I need help to solve the following differential equation:
$$A^{'''}y + A^{''}(-1 - y\cot{y}) - \frac{2A^{'}}{y} + \frac{2A}{y^{2}}(3+y\cot{y}) = 0$$
where $A$ is a function of $y$ and $A'$ represents the derivative of $A$ with respect to $y$.
What I have tried:
Using DSolve in Mathematica (It does not work but simply returns the original input)
Using Sympy package in Python (Also does not work but returns an error also)
I can see nothing wrong with my code (see attached pictures) and I have no idea how to solve such an equation by hand. Any advice would be greatly appreciated.
See code below:
from sympy.interactive import printing
printing.init_printing(use_latex=True)
from sympy import *
import sympy as sp
y = sp.Symbol('y')
a =sp.Function('a')(y)
diffeq = Eq(a.diff(y,y,y)*y + a.diff(y,y)*(-1-y*sp.cot(y)) - 2*a/y + (2*a/y**2)*(3+y*sp.cot(y)),0)
display(diffeq)
dsolve(diffeq,a)
There is no general easy approach for higher order equations with non-constant coefficients. However taking a close look at the coefficients one observes that they have descending power in $y$ and therefore it is a good idea to try monomials as solutions. Indeed, setting $A=y^n$ gives $$ (n+1)(n-2)y^{n-2}(-y\cot(y)+n-3)=0 $$ which gives to fundamental solutions namely $A_1=y^2$ and $A_2=\tfrac{1}{y}$.

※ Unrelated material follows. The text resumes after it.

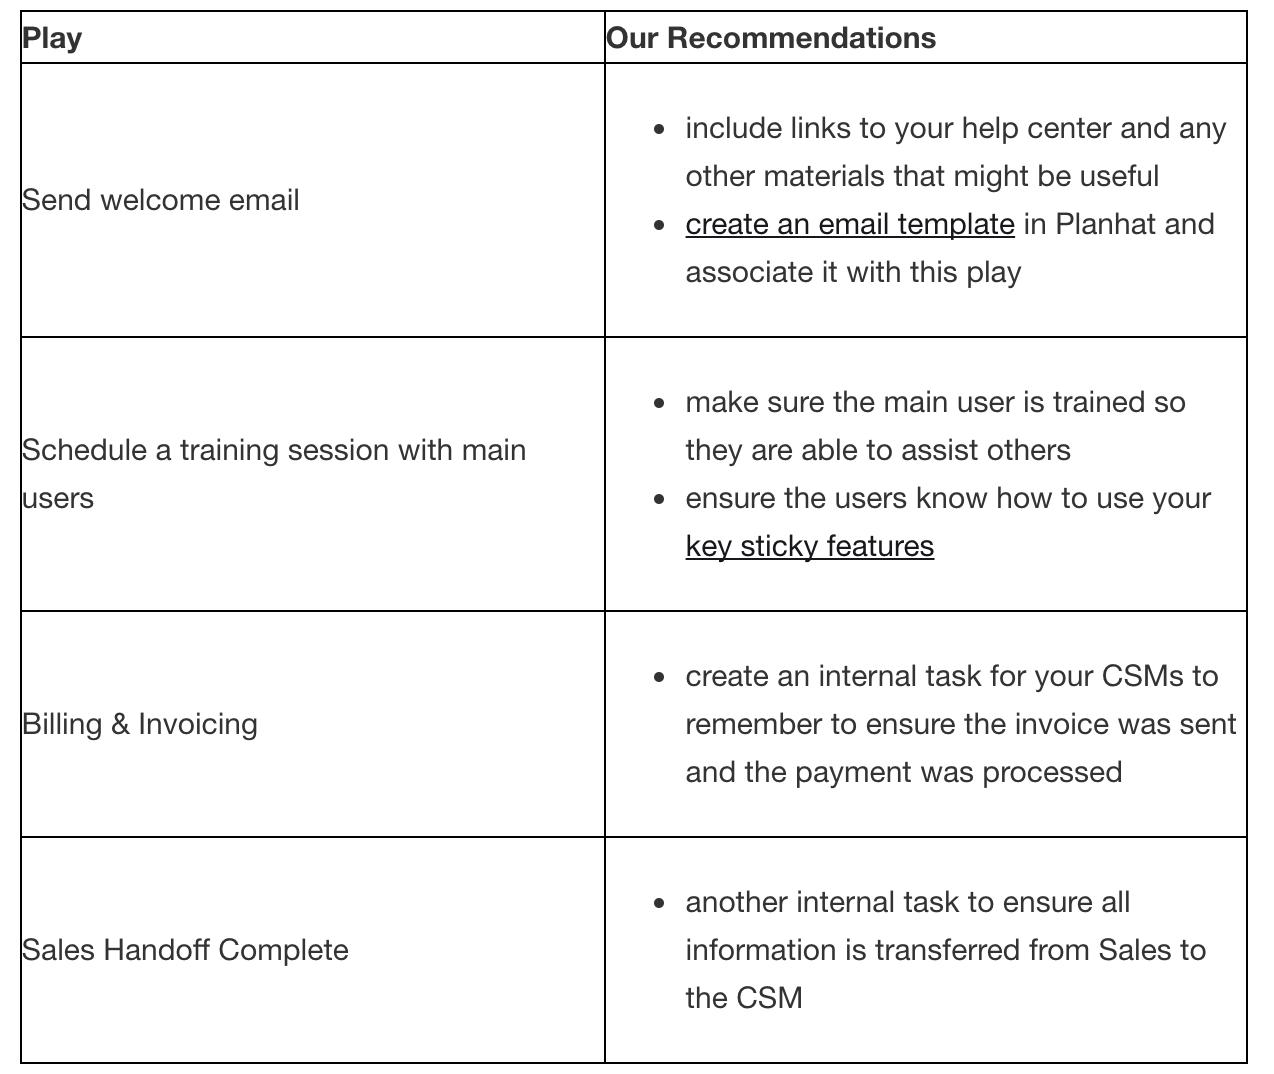 process playbook template choice image template design ideas. Black Bedroom Furniture Sets. Home Design Ideas

To find the third solution we can reduce the order of the differential equation using Abel's theorem $W=c\cdot e^{\int 1/y+\cot(y) dy}$ where $W$ denotes the Wronskian comprised of the two known solutions and a placeholder $A_3$ for the missing one. This leads to an order reduction namely $$ 3y^2A''_3(y)-6A_3(y) = c\cdot y^3\sin(y) $$ I hope this answers your question.
Additional note: I do not have access to Mathematica but Maple was able to compute the solutions without a problem so maybe you did have an Input error after all?